Literature DB >> 22396831

An overview of conservative treatment options for diabetic Charcot foot neuroarthropathy.

Crystal L Ramanujam1, Zacharia Facaros.   

Abstract

Conservative management of Charcot foot neuroarthropathy remains efficacious for certain clinical scenarios. Treatment of the patient should take into account the stage of the Charcot neuroarthopathy, site(s) of involvement, presence or absence of ulceration, presence or absence of infection, overall medical status, and level of compliance. The authors present an overview of evidence-based non-operative treatment for diabetic Charcot neuroarthropathy with an emphasis on the most recent developments in therapy.

Entities:  

Keywords:  Charcot neuroarthropathy; bone stimulation; diabetic foot; osteomyelitis; ulcer

Year:  2011        PMID: 22396831      PMCID: PMC3284343          DOI: 10.3402/dfa.v2i0.6418

Source DB:  PubMed          Journal:  Diabet Foot Ankle        ISSN: 2000-625X


The association between Charcot neuroarthropathy (CN) and diabetes mellitus was first described by Jordan in 1936 (1). Since that time numerous treatment protocols have been proposed for this potentially devastating condition.

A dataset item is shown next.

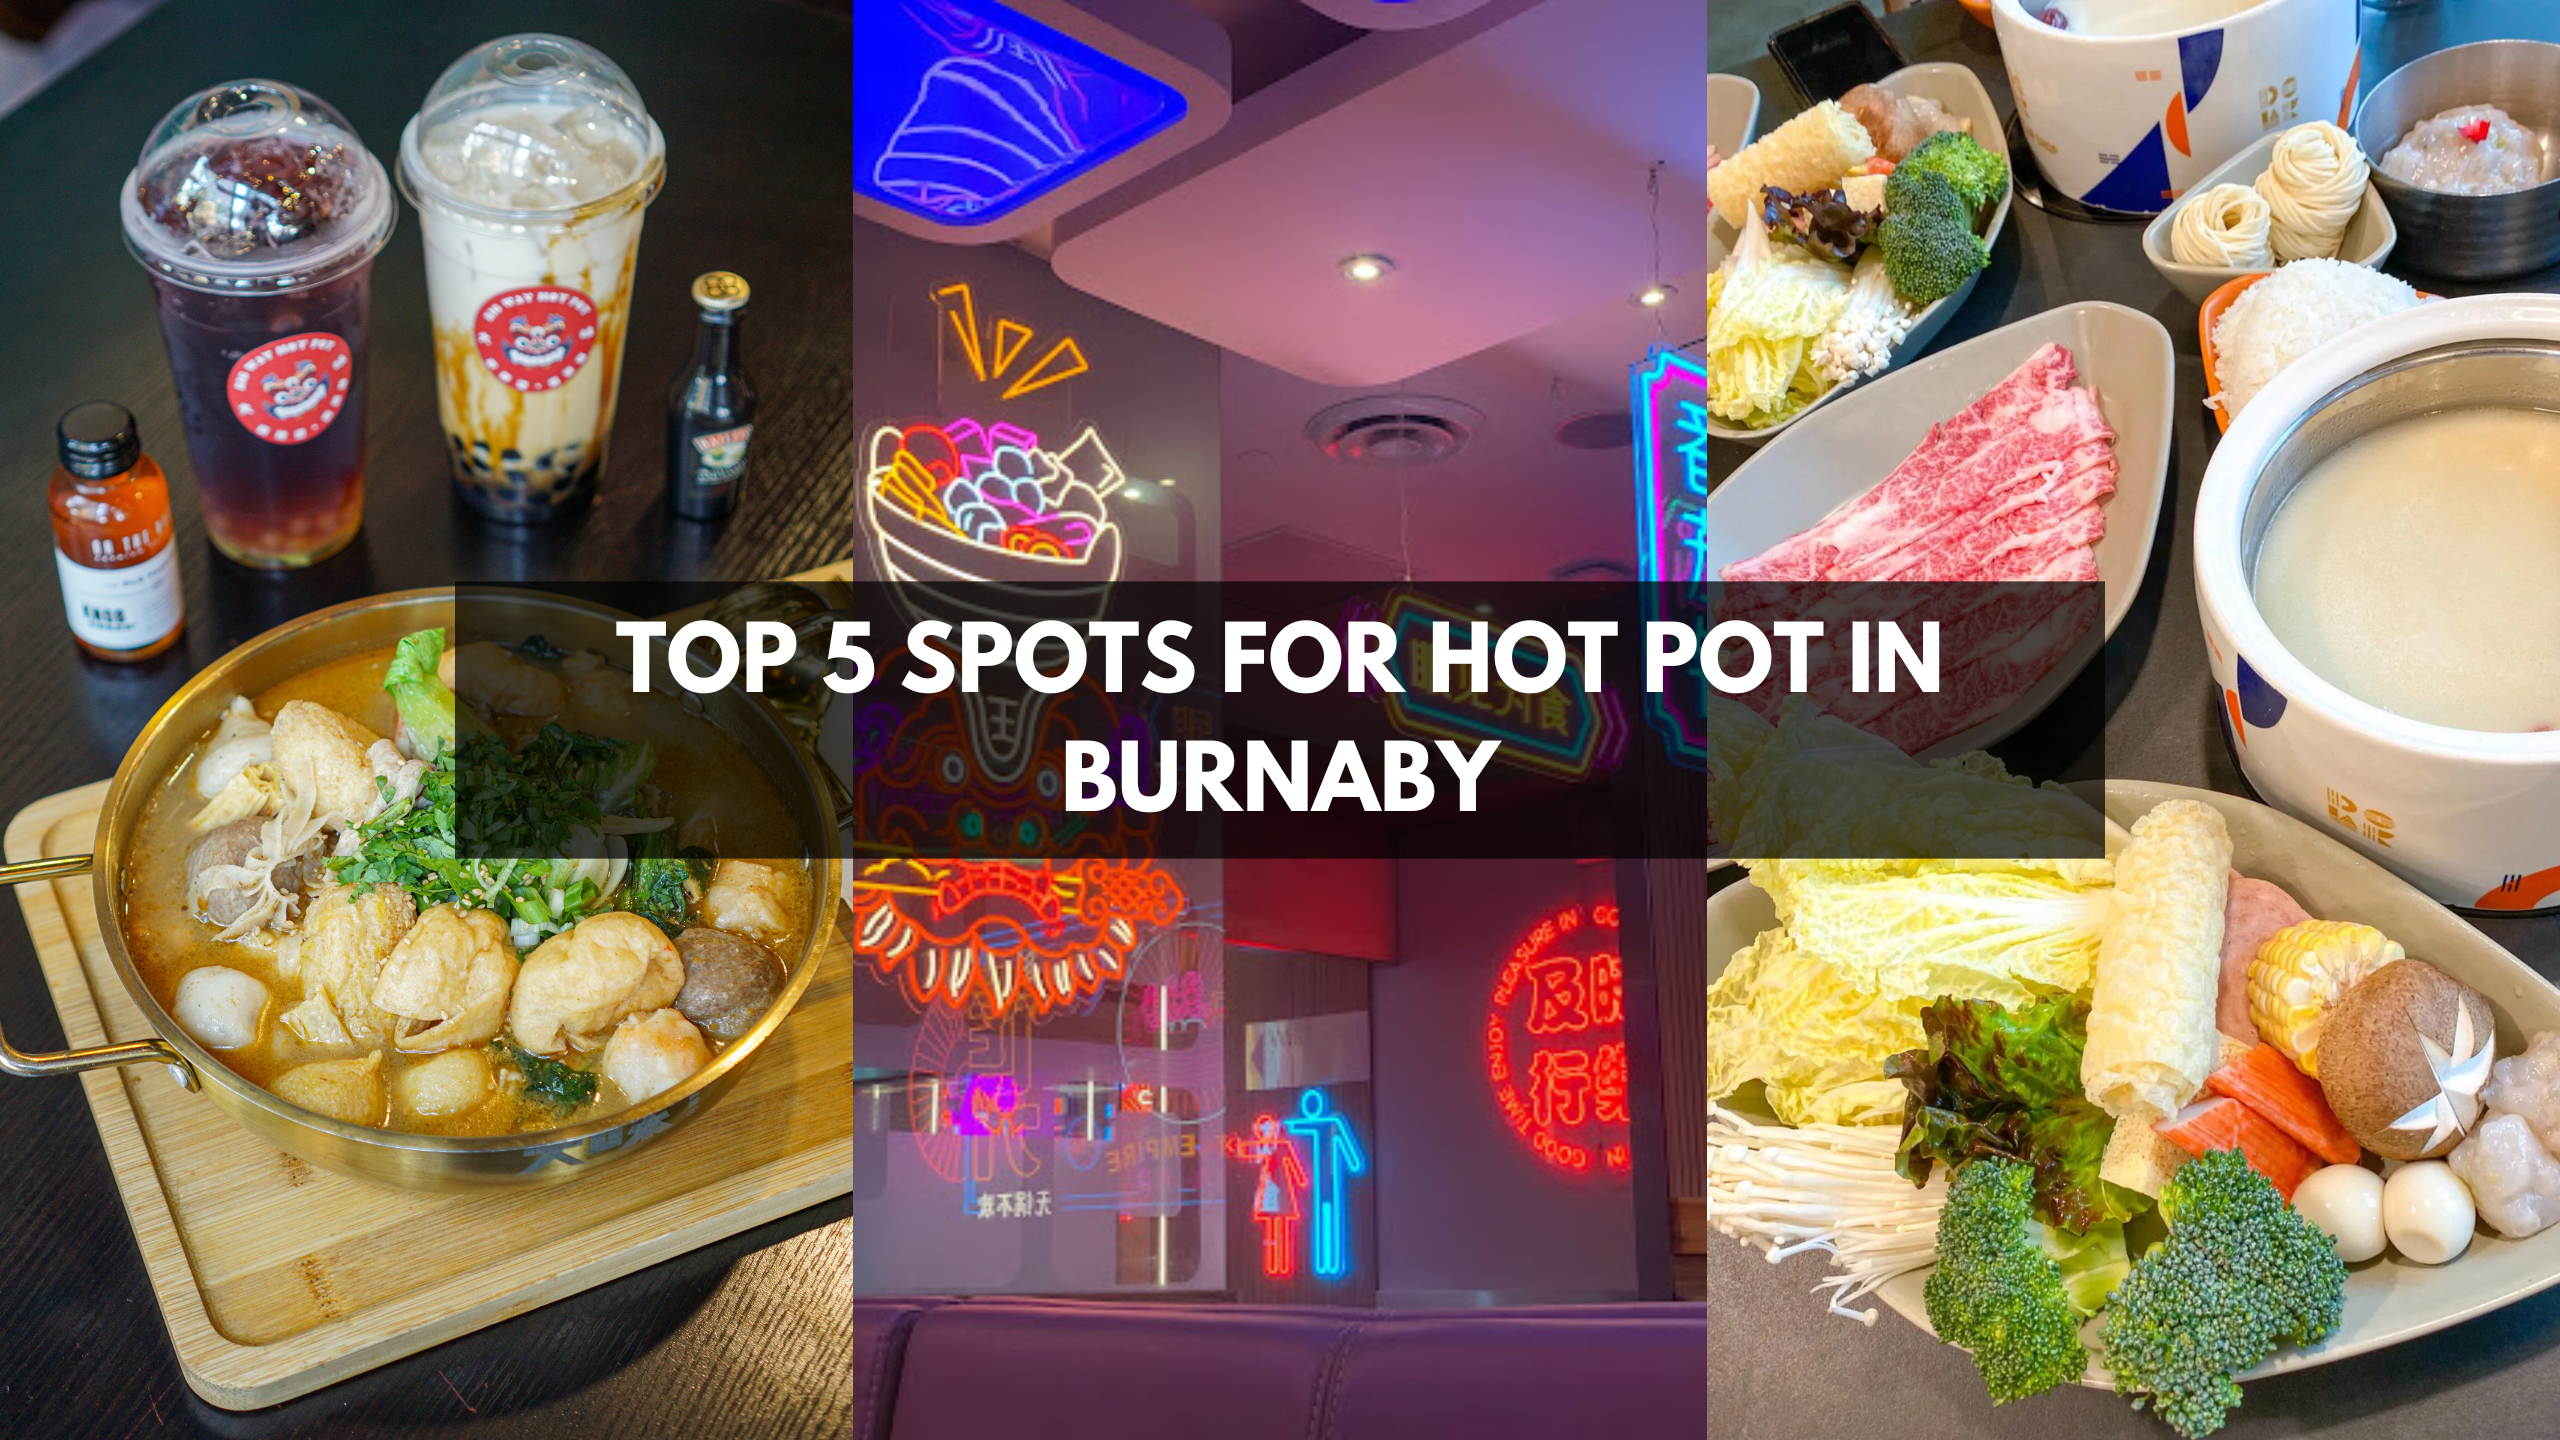 Top 5 Spots for Hot Pot in Burnaby

Early diagnosis and swift care are the keys to reducing amputation risk in this patient population. Conservative management remains efficacious for certain clinical scenarios. Treatment of the patient should take into account the stage of CN, site(s) of involvement, presence or absence of ulceration, presence or absence of infection, overall medical status, and level of compliance. The most commonly used classification is the three-staged system described by Eichenholtz: Stage I is the developmental or acute phase, Stage II is the coalescent or quiescent phase, and Stage III is the consolidation or reconstruction and reconstitution phase (2). Involvement of the midfoot is most common in the diabetic population and this site tends to be more amenable to conservative options versus hindfoot or ankle CN. Generally, conservative care for the CN foot and ankle has been recommended for the following scenarios: joints in the acute phase, deformities that are clinically stable and that do not compromise the soft tissue envelope, stable deformities without soft tissue or bone infection, patients who do not have adequate arterial perfusion to support surgical reconstruction, and those patients who are extremely high risk for anesthesia and surgical intervention due to the presence of multiple severe comorbid conditions. The authors present an overview of evidence-based non-operative treatment for CN with an emphasis on the most recent developments in therapy.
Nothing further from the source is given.